We also evaluated whether the FR was significantly different among the three stimuli (BOS, LBOS A80 and LBOS A160) at the population level. We performed a two-way ANOVA with the stimulus type as a fixed effect and the bird as a random effect. No significant main effect was found for the stimulus type in either HVC (F(2, 143)=0.09, p=0.91) or Area X (F(2, 85)=0.7, p=0.50), consistent with our prior analysis showing that the majority of cells did not show individual differences in spike rates that could distinguish among the stimuli.
Temporal coding conveys additional information for discriminating between the BOS and LBOS
The prior analyses demonstrate that the majority of HVC and Area X cells exhibit equal firing rates in response to the BOS and LBOS. These analyses, however, do not account for potential information in the temporal structure of spiking activity. Cells may produce different temporal patterns of spikes in response to the BOS and LBOS, which may carry information about the differences in the spectral content of those stimuli. To test this hypothesis, we quantified the difference in spiking patterns at different time scales by applying metric-space analysis (Victor and Purpura 1996; Victor and Purpura 1997).
We computed the mutual information to discriminate among the three stimuli (BOS, LBOSA80, LBOSA160) for each neuron. Most of the neurons (51/52, HVC; 27/30, Area X) showed significant amounts of information (see Materials and Methods) at one or more values of the cost parameter for temporal precision (q) that were larger than 0. In these neurons, the temporal code yielded a larger amount of information than the spike count. To determine how much more information could be obtained from the temporal code in each neuron’s response to the three stimuli, we compared the maximum mutual information (Hmax) with the information based on the difference in spike counts (Hcount). For cells with temporal information, the mutual information peaked at a non-zero q, and the Hmax was different from the Hcount (e.g., Fig. 5). The great majority of HVC cells (94%; 48/51) and Area X cells (85%, 23/27) showed the maximum mutual information value at a non-zero q (Fig. 6a, non-diagonal values), suggesting that the temporal code carried additional information beyond the spike count in the responses of these cells.
Fig. 6. Mutual information carried by HVC and Area X cells used to discriminate the three types of BOS.
a. For each cell, the Hcount (the mutual information from spike counts) and Hmax (the maximum information) values were computed and plotted on the X and Y axes, respectively. Only cells with significant information (see Materials and Methods) were included (HVC, n=51, Area X, n=27). b. In the distribution of qmax , the temporal precision produces the maximum amount of information. C. Population mean (± SEM) of mutual information. Left: population means of the Hmax for HVC and Area X. Right: population means of Hcount for HVC and Area X. For each plot, a t-test was used to evaluate the significance of the differences in the mean values, and the p-value is shown if the difference was significant.
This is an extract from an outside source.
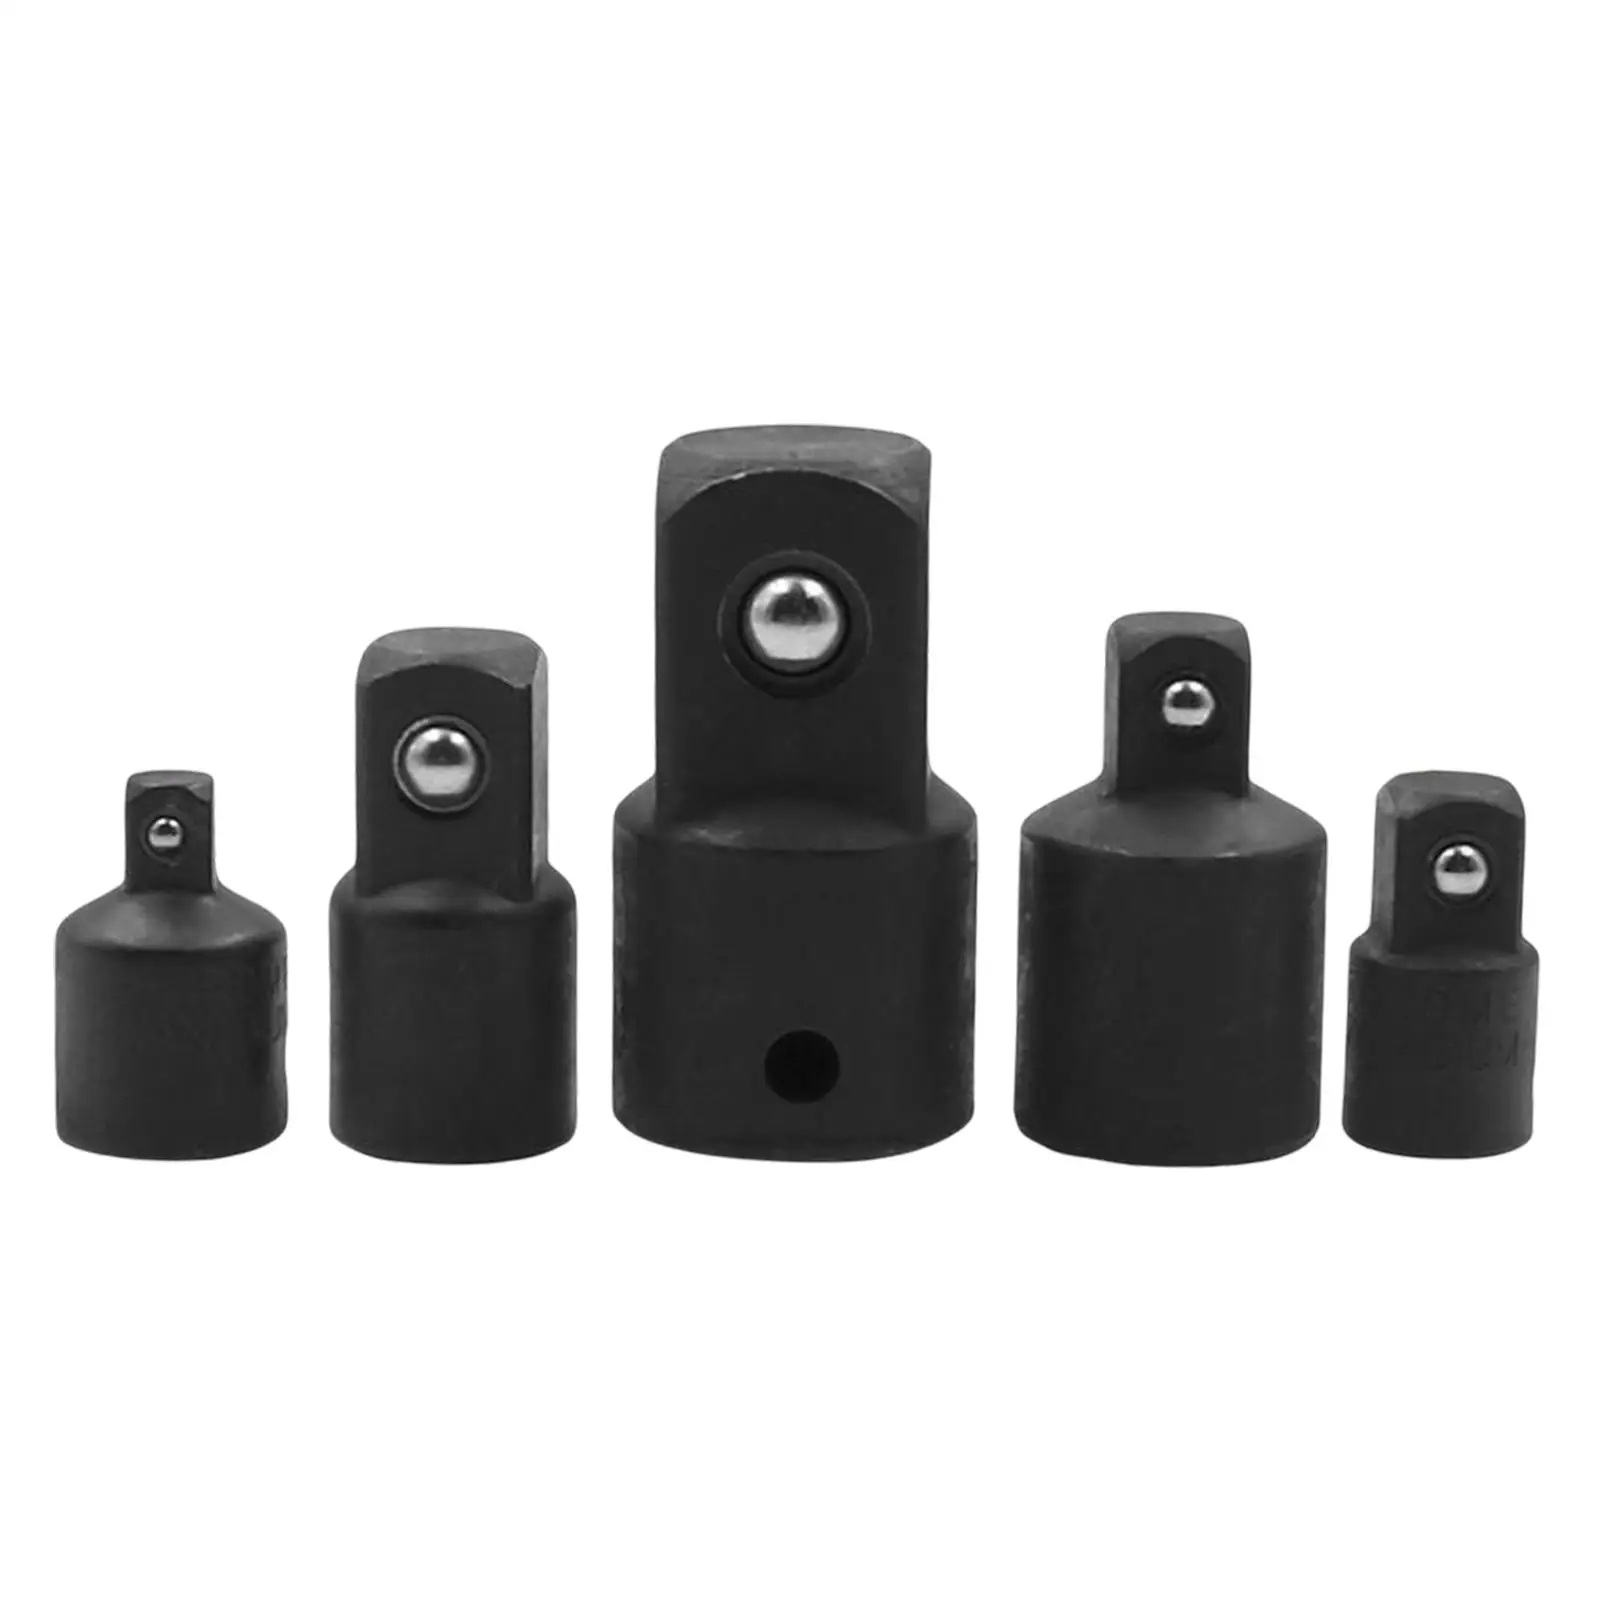 5x Impact Socket Adapter and Reducer Professional Manufactured  Spring Loaded for Construction Converter

Comparing the distributions of qmax, Hmax, and Hcount across the two nuclei also yielded insight into differences in neural coding between HVC and Area X. The medians of the qmax values were 39.8 [1/sec] (i.e., 1/qmax = 25.1 ms) for HVC, and 15.8 [1/sec] (i.e., 1/qmax = 63.2 ms) for Area X, which are not significantly different (Wilcoxon rank sum test, p=0.145). (Making this calculation using the geometrical means of non-zero qmax yielded similar results: 24.7 [1/s] for HVC and 17.872 [1/s] for area X, with non-significant (p=0.518) differences between these geometrical means, as evaluated by a t-test with log qmax.) Moreover, the distributions of qmax in the two nuclei were not significantly different (Kolmogorov-Smirnov test, p = 0.13, Fig. 6b). Thus, neurons in both nuclei maximally discriminated the difference in the low-frequency components on a similar time scale. The population mean of the Hmax for HVC, however, was significantly larger than that for Area X (0.45 bits HVC, 0.20 bits Area X, one-sided t-test, p<0.0001, t=5.99) (Fig. 6c, left), while the means of the Hcount were not significantly different between HVC and Area X (0.145 bits HVC, 0.11 bits Area X, t-test, p = 0.088, t=1.36) (Fig. 6c, right). Thus, more mutual information is contained in the HVC temporal code than in the Area X temporal code when the LBOS and BOS are compared, whereas there are similar amounts of information in both nuclei in terms of spike count differences. Qualitatively, a much broader distribution in Hmax was observed for HVC neurons, and over half the population had higher Hmax values than any Area X neuron.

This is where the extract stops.